Authors: Lia, Brynjar & Nesser, Peter
Date of Publication: 2016
Publication: Perspectives on Terrorism, Vol. 10, Issue 6, 121-134.
Purpose of the study
Key Questions Addressed
What characterizes jihadi networks in Norway?
The article introduces a typology of militant networks that captures the variations of militant Islamist activism beyond the immediate attack cells, and which describes manifestations of jihadism in regions where attacks occur rarely.
Looks at the literature and different cases to understand the problem.
In order to better understand this shift, this brief article explores Jihadism in Norway through the lenses of an analytical framework – more precisely a typology – in which militant Islamist networks are classified according to criteria such as organizational structure, activity, degree of overtness and outreach, and recruitment base. The five archetypes constituting the typology are as follows: (i) “militant exiles”, (ii) “diasporic support networks”, (iii) “militant visitors”, (iv) “(al-Qaida) attack cells” and (v) “homegrown extremists”.
Jihadism in Norway has witnessed a huge shift from consisting primarily of foreign ethnically homogenous networks with a low capacity for mobilization, to the current situation where a loose country-wide network of domestic extremists have demonstrated a considerable capacity for foreign fighter recruitment over the past four years.
Young Islamist extremists of today interact directly with Norwegian society and recruit successfully from different segments of mainstream society, defying the limits of class, ethnicity and geographical distance. Norwegian language jihadi propaganda is no longer such a rarity, helped by factors such as the social media revolution. This shift towards homegrown jihadism is partly the product of the global war on terrorism and the securitization of Islam and identity issues. More important, however, is the youth rebellion which is part and parcel of the jihadism success story. The generational shift from middle-aged Islamist politicians to youth activists involved in aid work and foreign fighter participation have created new avenues for youth participation in a way militant Islamist activism in the past did not.

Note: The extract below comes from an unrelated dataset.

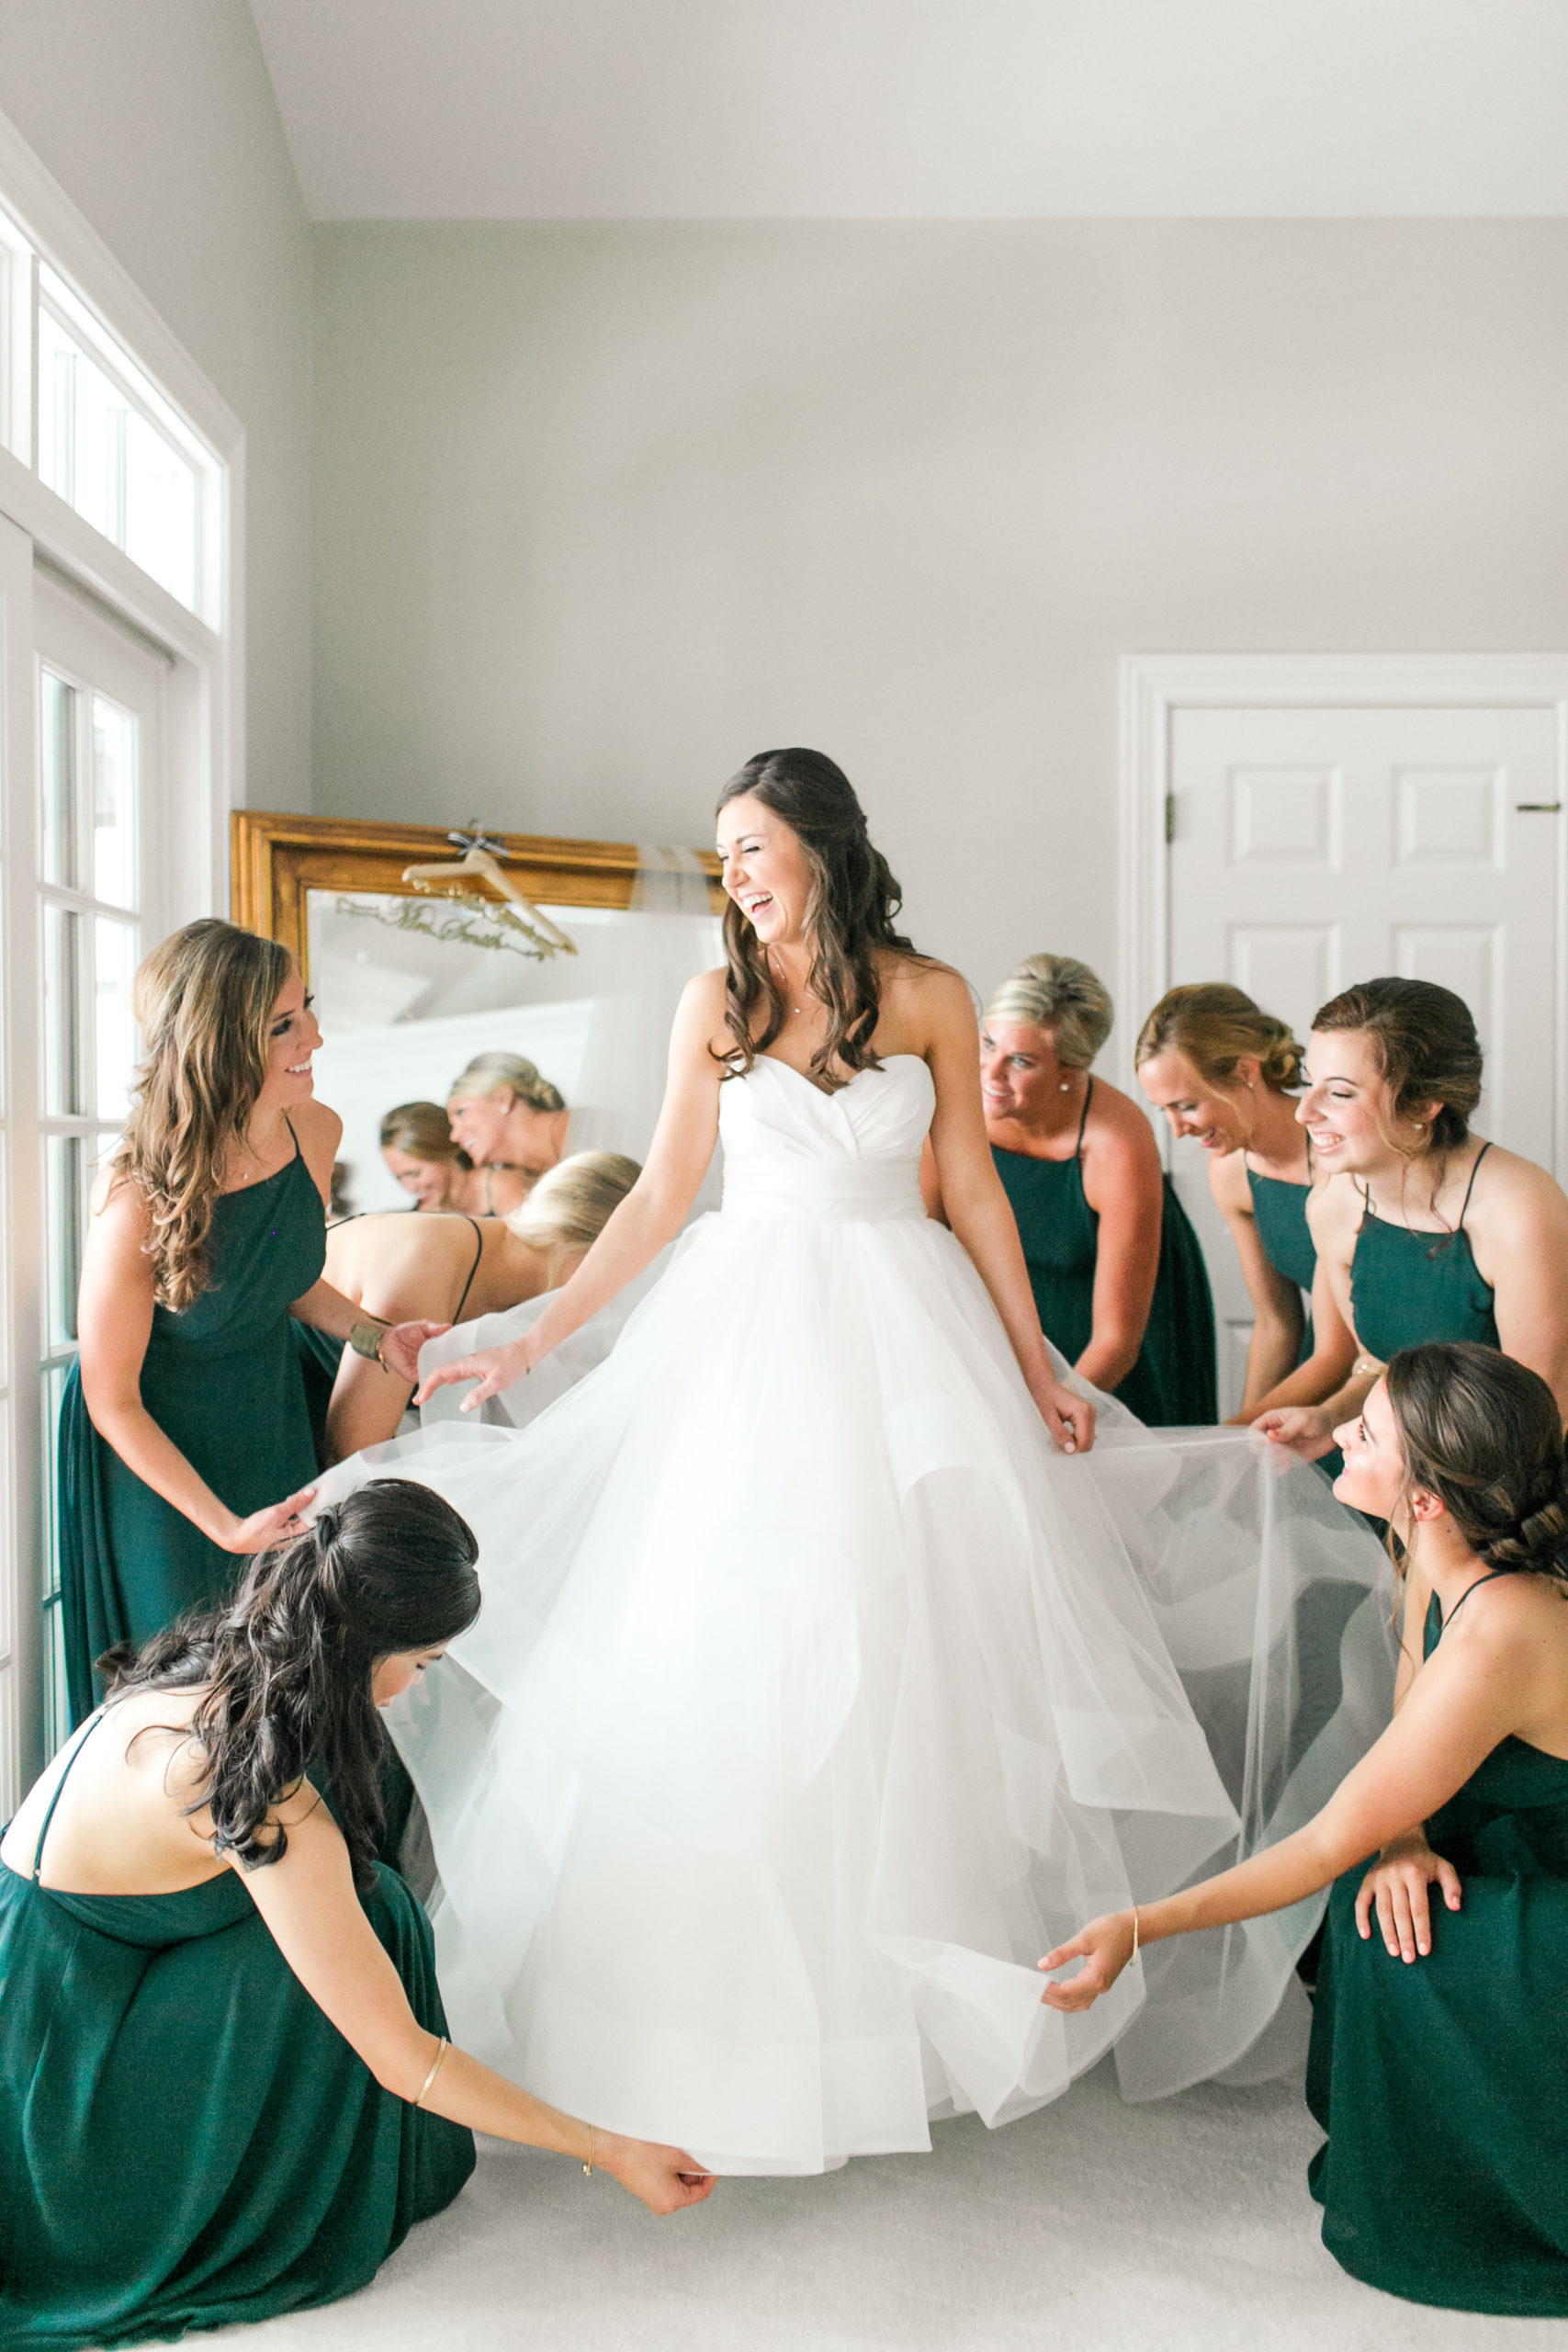 View More: https://kristimckeagphotography.pass.us/abbey-charlie-married

Although the future of jihadism in Norway also depends on the ability to strike a fine balance between coercive and soft means in countering radicalization and foreign fighter participation, it is important to bear in mind that events and dynamics beyond Norway’s border will also greatly influence the scope of the threat.
European jihadi networks are extremely transnational, with attacks being planned in one country and occurring in another.
Furthermore, the geopolitics of the Middle East and the actions of Norway’s allies will also influence the terrorism threat level in Norway.